### [Task item]
With the images removed, write out every line below exactly.

### [Dataset section]
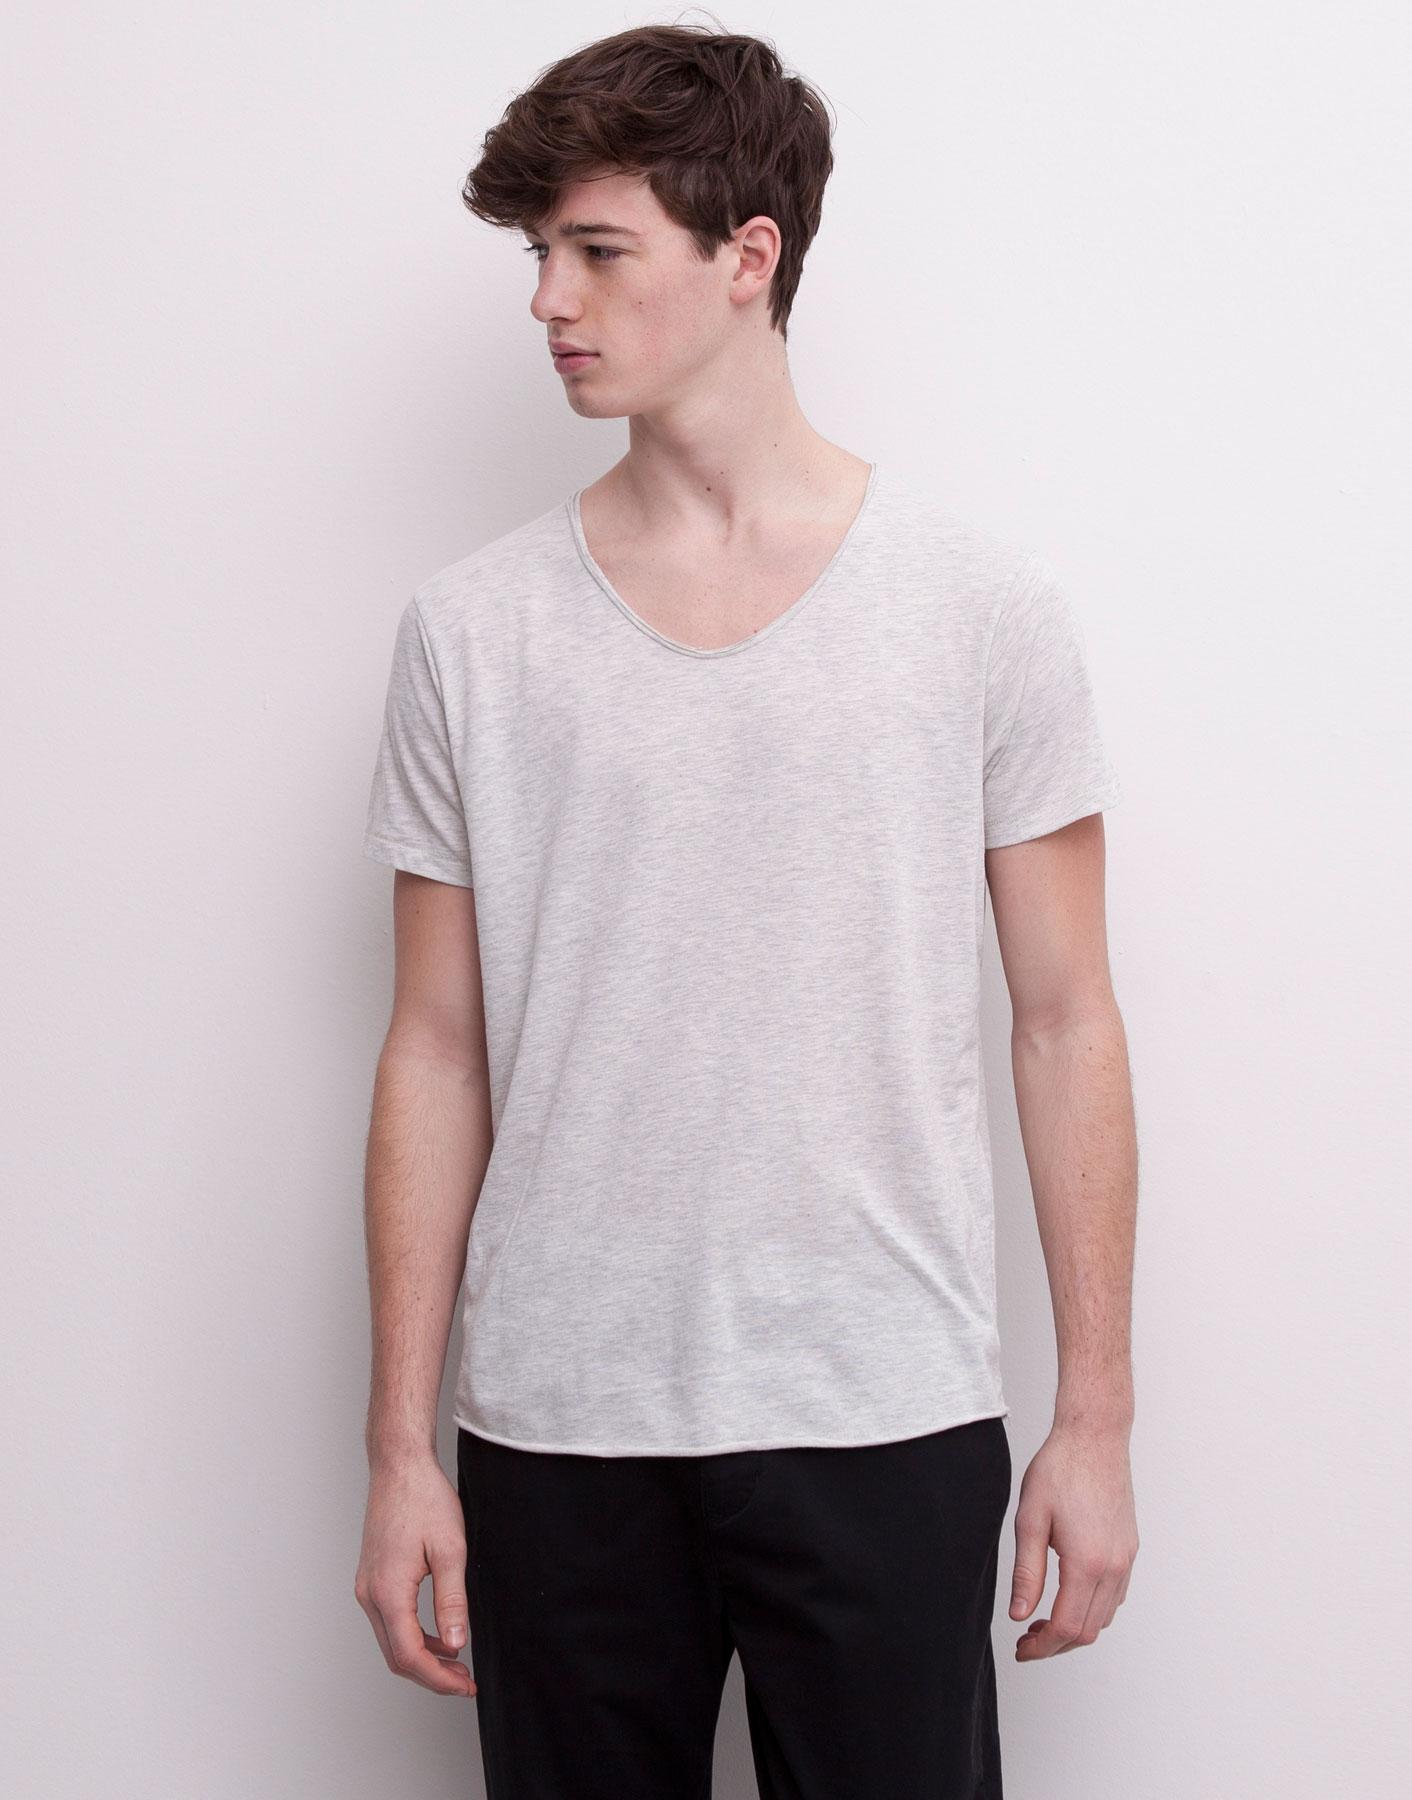 Pull bear basic v neck short sleeve t shirt in white for for Bear river workwear shirts
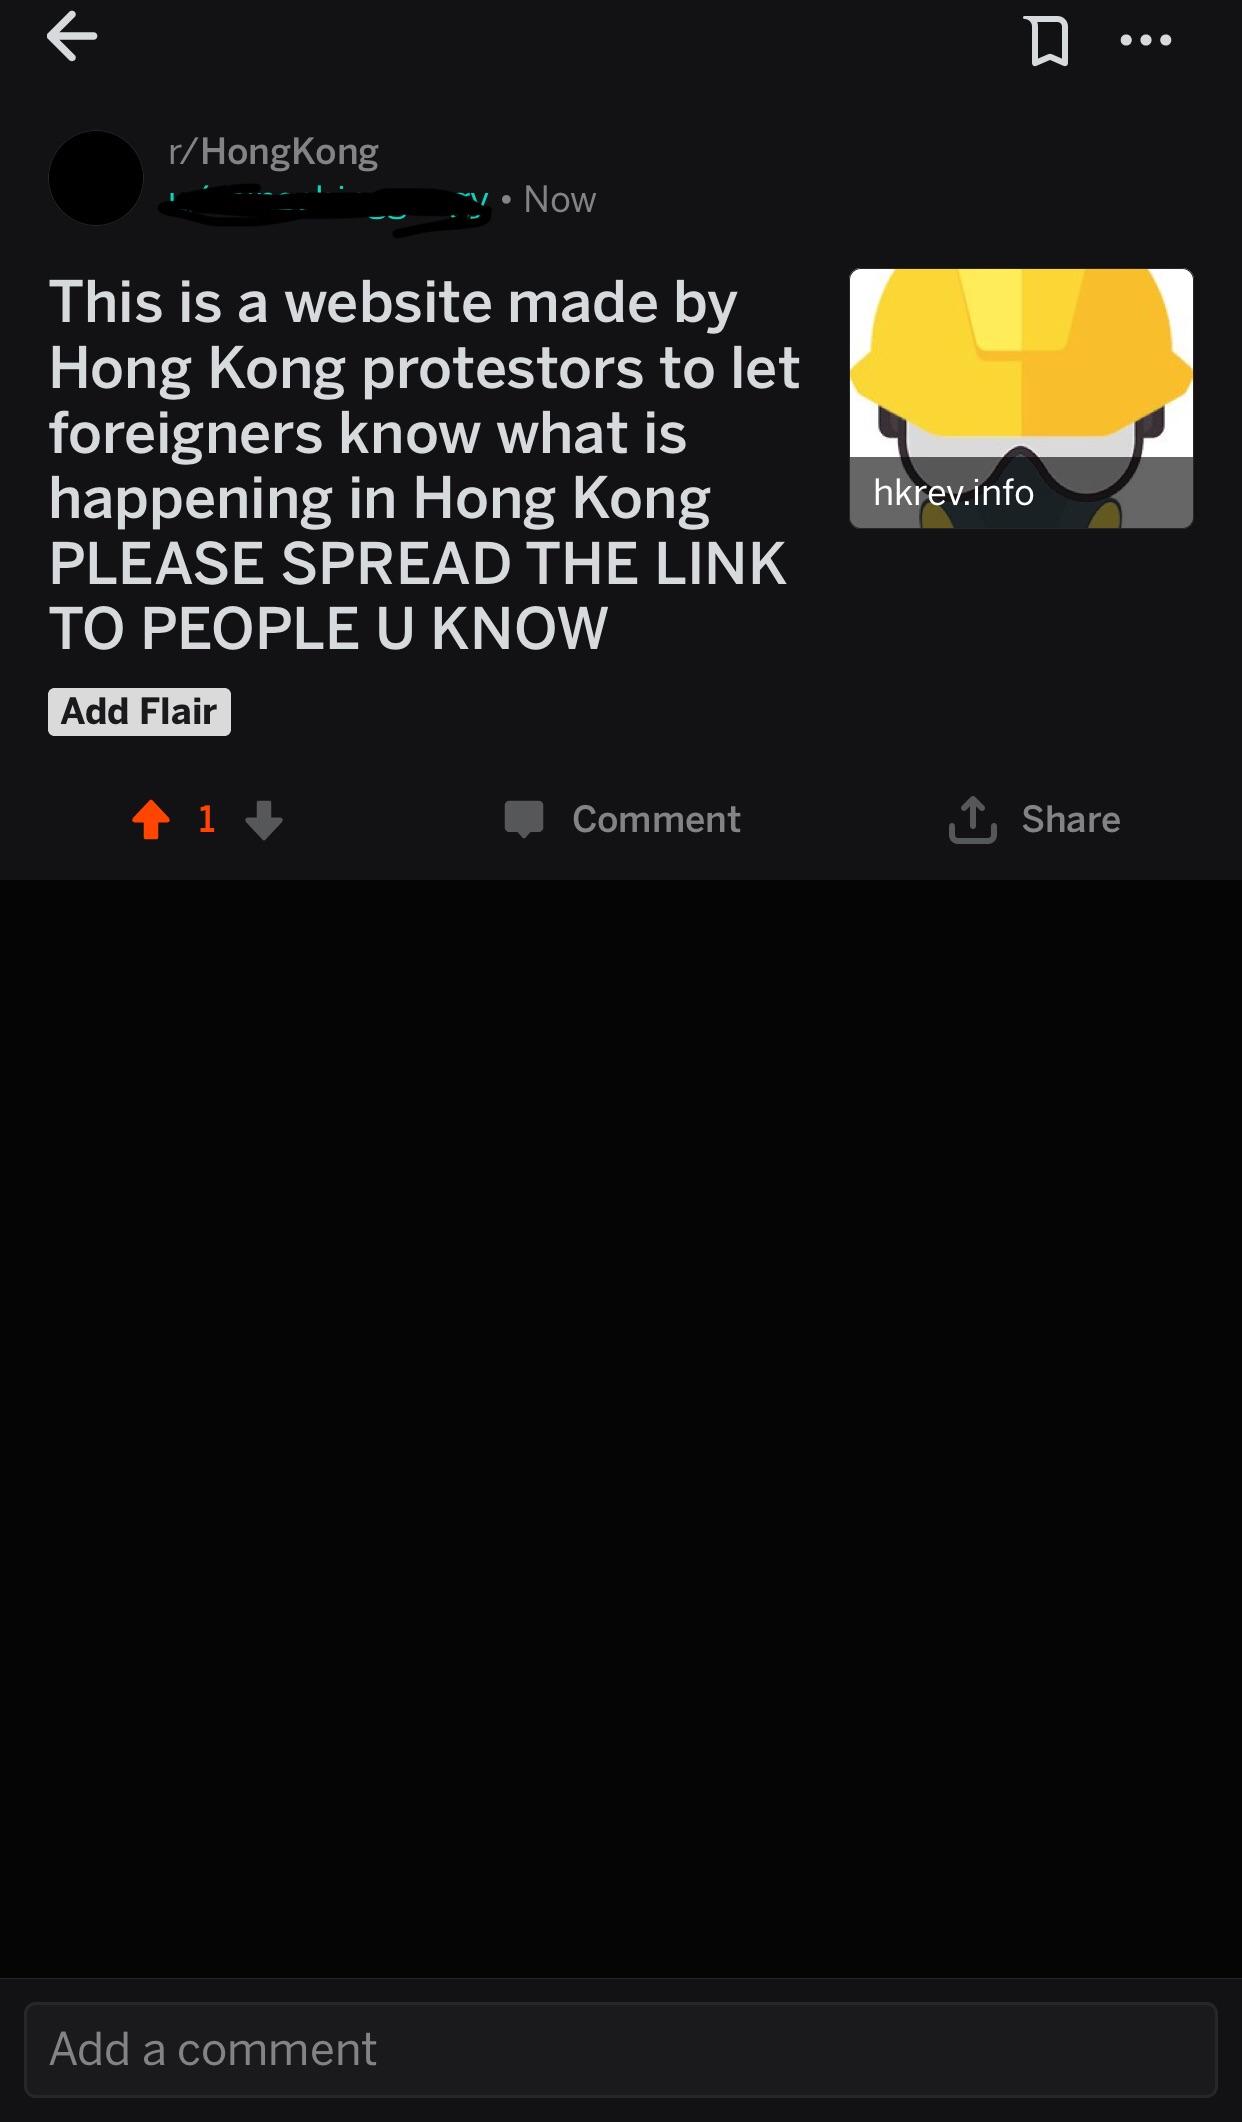 https://upload.cc/i1/2019/09/02/T4ctKa.png
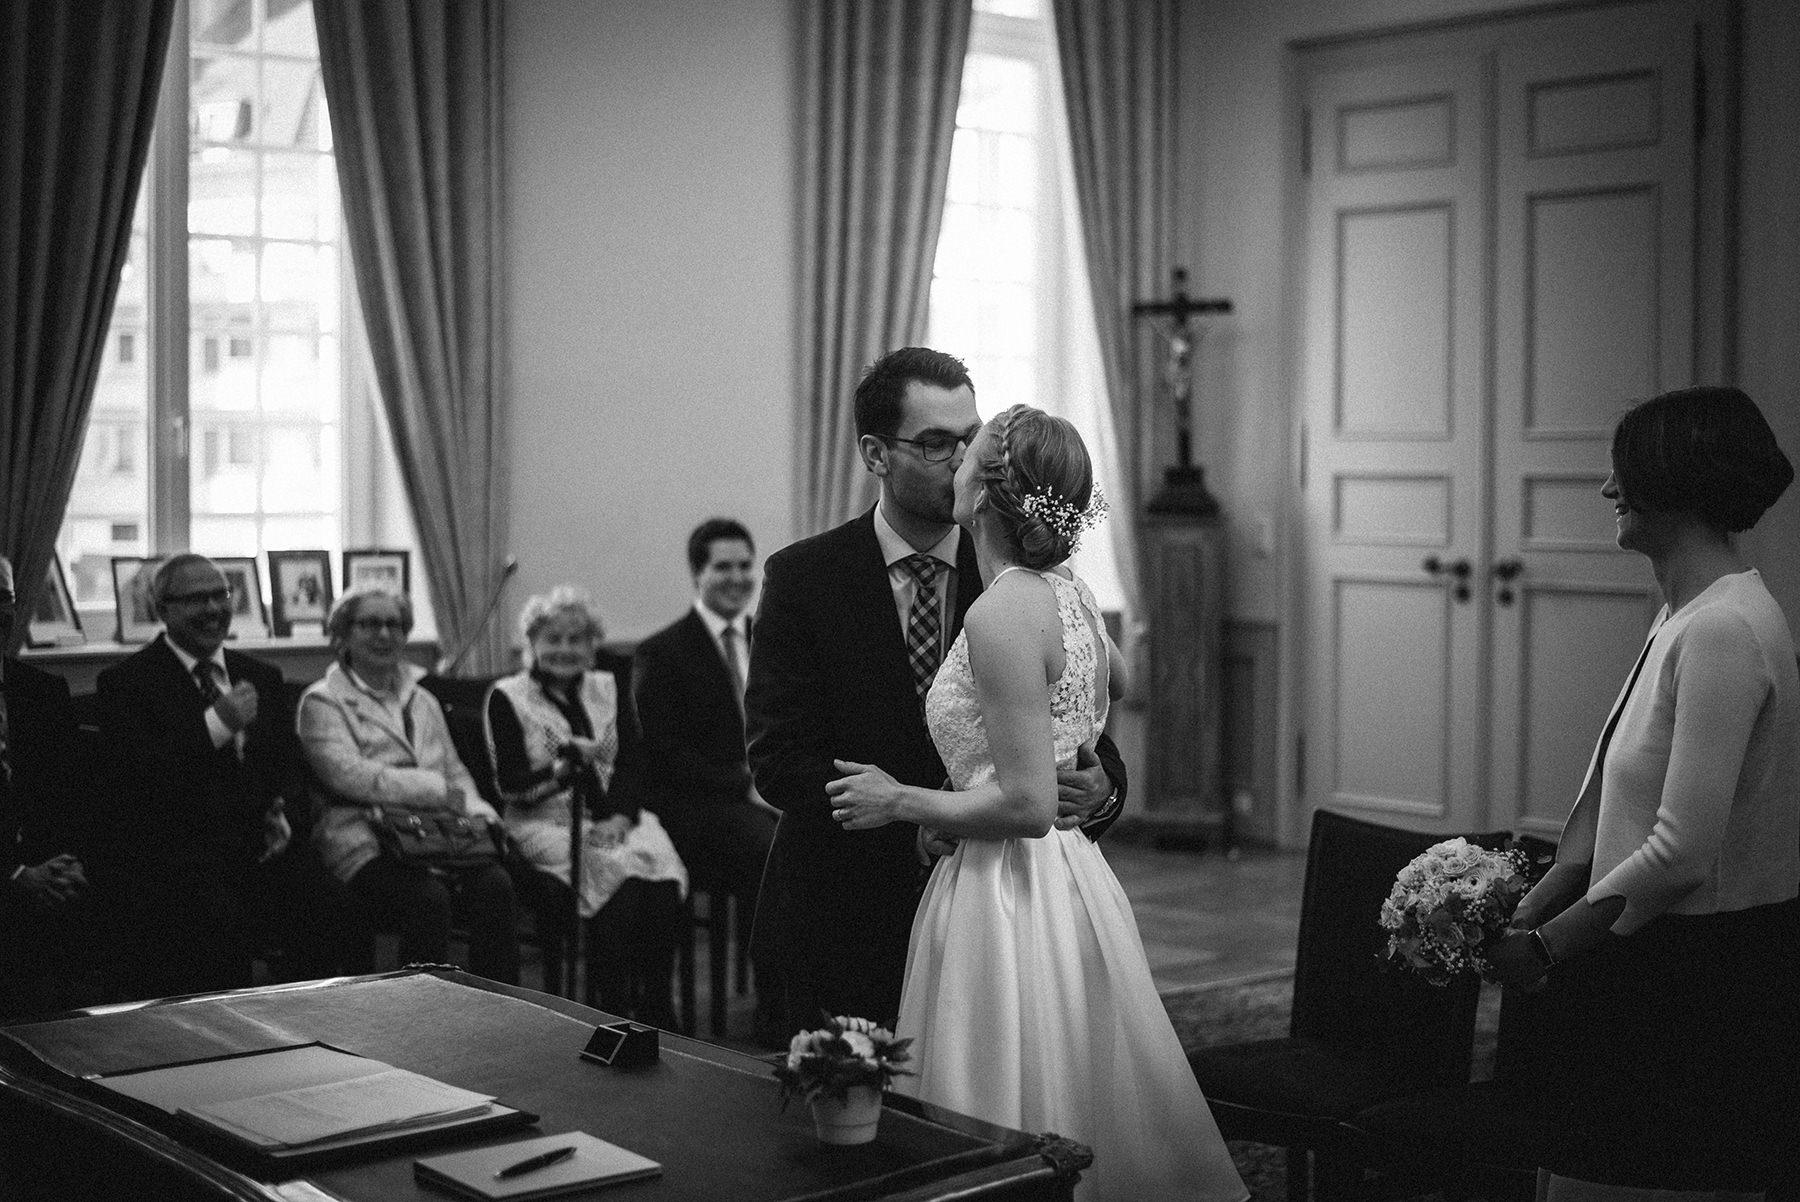 Hochzeit-Bonn-Kirschblüte-Sonja-Oliver-Dreamcatcher-Photography-Hochzeitsfotografie (10)

### [Expected answer]
 Pull bear basic v neck short sleeve t shirt in white for for Bear river workwear shirts
 https://upload.cc/i1/2019/09/02/T4ctKa.png
 Hochzeit-Bonn-Kirschblüte-Sonja-Oliver-Dreamcatcher-Photography-Hochzeitsfotografie (10)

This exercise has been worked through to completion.